# [ASSIGNMENT]
Repeat every line of the listing below exactly, minus the pictures.
##### DATA BELOW
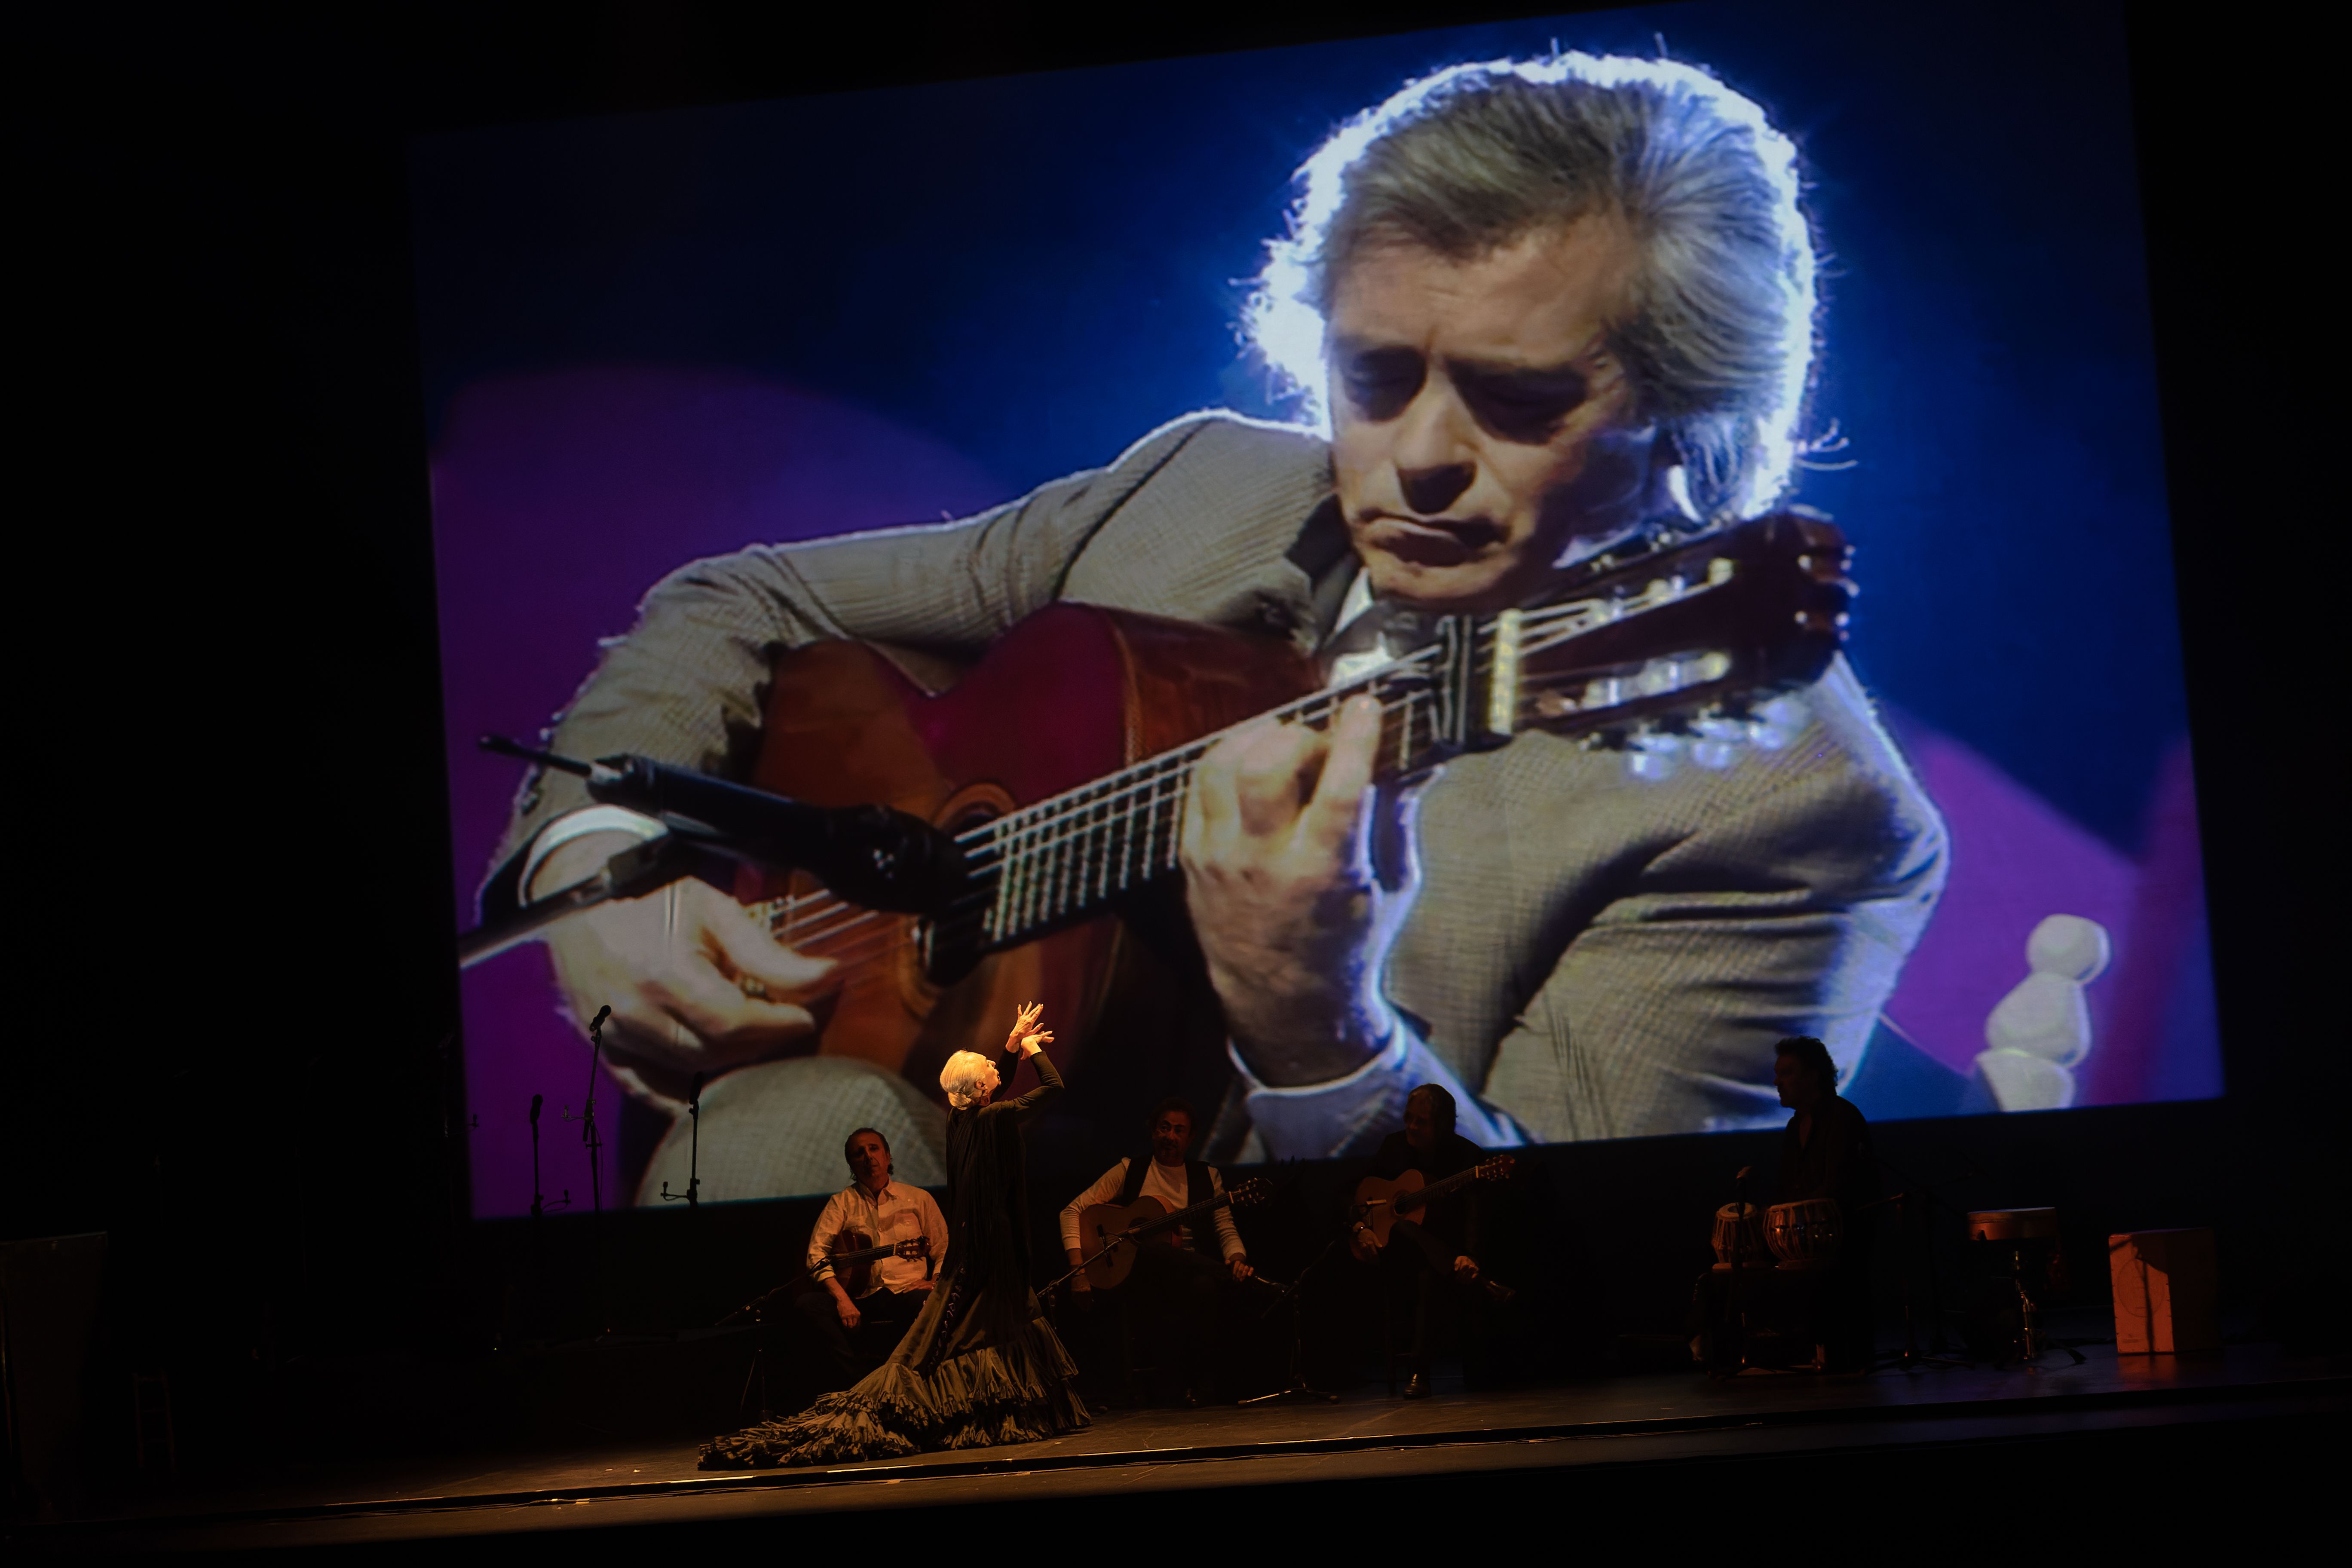 El Teatro Villamarta acogía el pasado martes 25 de abril la gala homenaje a Manolo Sanlúcar, donde se dieron cita los artistas flamencos mas importantes del momento.
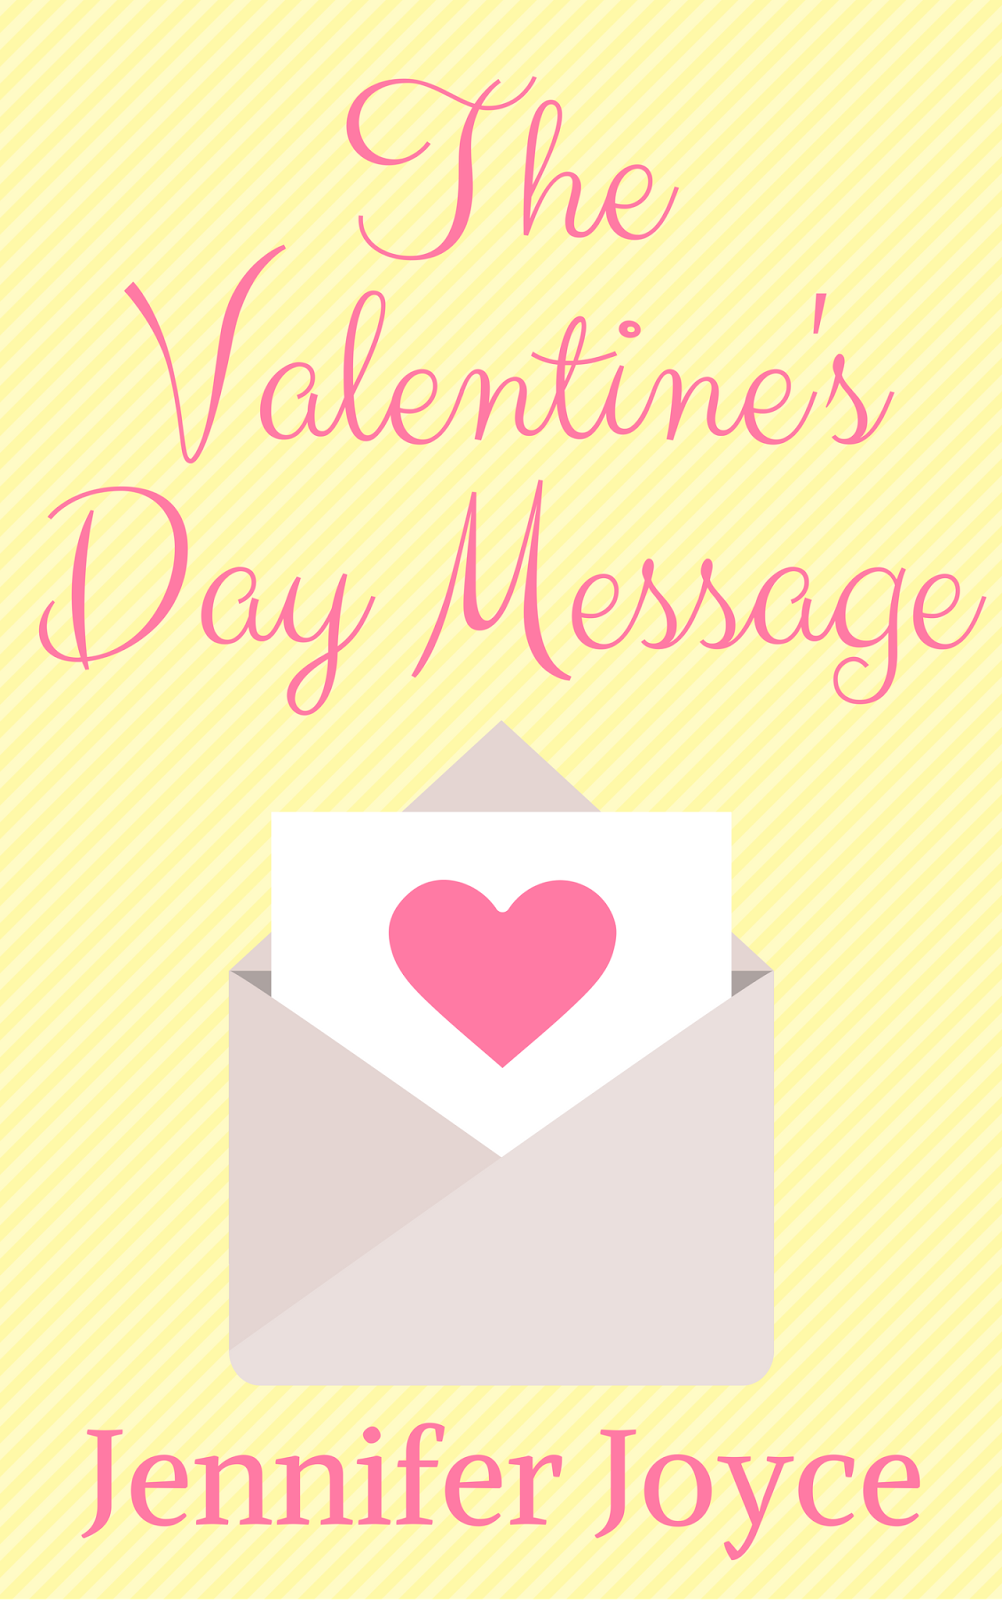 Jennifer Joyce Writes: Short Story: The Valentine's Day Message
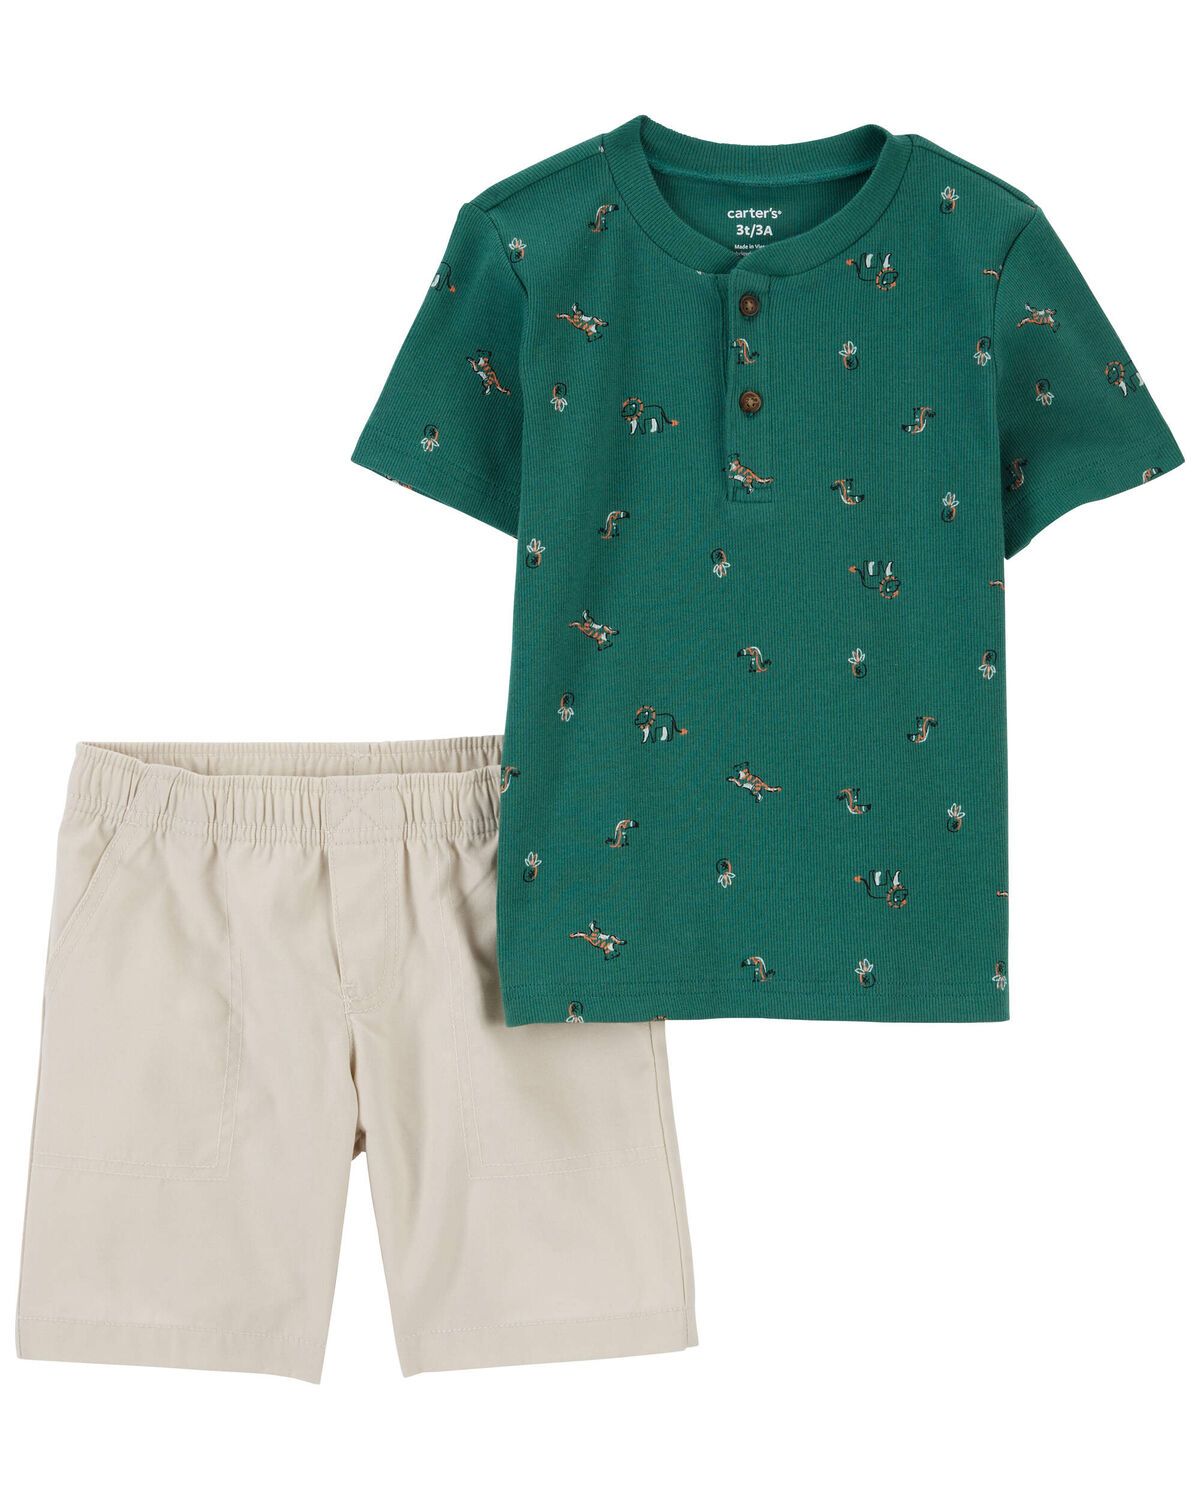 Toddler 2-Piece Shirt and Shorts Set | Carter's
##########
# [SOLUTION TO THE PROBLEM]
 El Teatro Villamarta acogía el pasado martes 25 de abril la gala homenaje a Manolo Sanlúcar, donde se dieron cita los artistas flamencos mas importantes del momento.
 Jennifer Joyce Writes: Short Story: The Valentine's Day Message
 Toddler 2-Piece Shirt and Shorts Set | Carter's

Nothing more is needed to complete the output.